In 2002, Joni Mitchell declared she was done with the music biz and would never, ever, make another album. I can't have been the only fan that didn't believe her. For, bless her, Dame Joan does love the sound of her own voice. On the Starbucks-spawned Shine, that nicotine-scorched instrument holds forth — as it has done since 1985's Dog Eat Dog — on the many ills that beset our world, its musical backdrop her favored spare setting (since 1994's Turbulent Indigo anyway) of piano, percussion and twittering soprano sax. Huskily it wails and rails on the Big Issues: war ("Strong and Wrong"), the environment ("This Place"); more war ("Bad Dreams are Good"), and more environment ("If I Had a Heart"). Mitchell gazes down from her L.A. eyrie and likes not what she sees.

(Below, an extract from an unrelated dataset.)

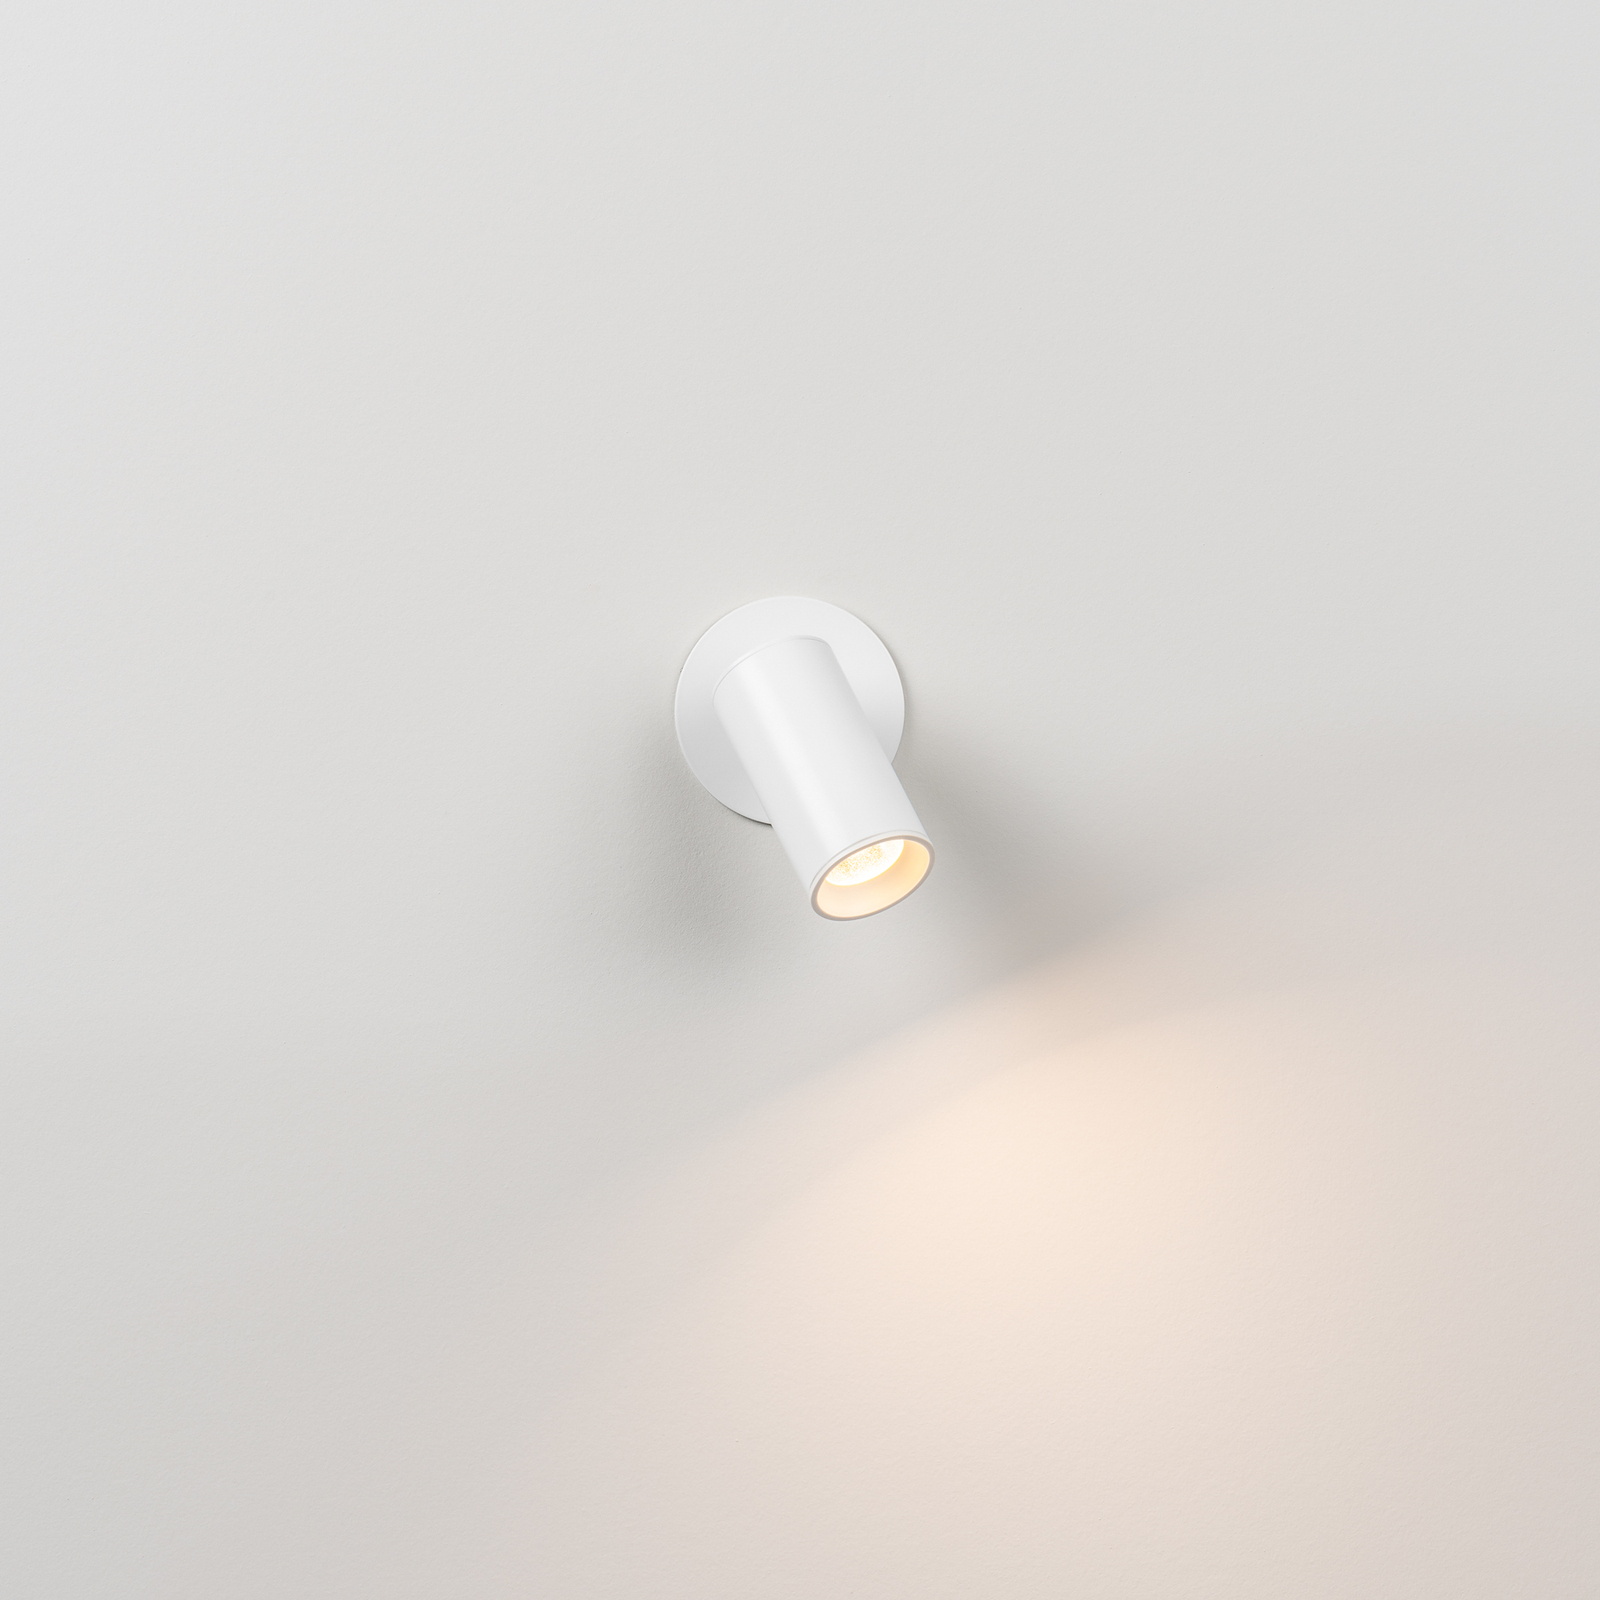 Milan Haul spot LED incasso bianco

Most of the time the spiky self-righteousness is redeemed by the mournful melodicism: there are magical passages on "If I Had a Heart" and "Hana," on "Bad Dreams Are Good" and "Night of the Iguana." But revisiting the 1970 ecology classic "Big Yellow Taxi" is a letdown and the closing adaptation of Rudyard Kipling's famous poem "If" (with Herbie Hancock on piano) drones on interminably. Joni's last truly great song may have been "Man from Mars" on 1998's Taming the Tiger, her last great performance the stunning re-arrangement of "Amelia" on 2002's Travelogue. Nothing on Shine touches either of those.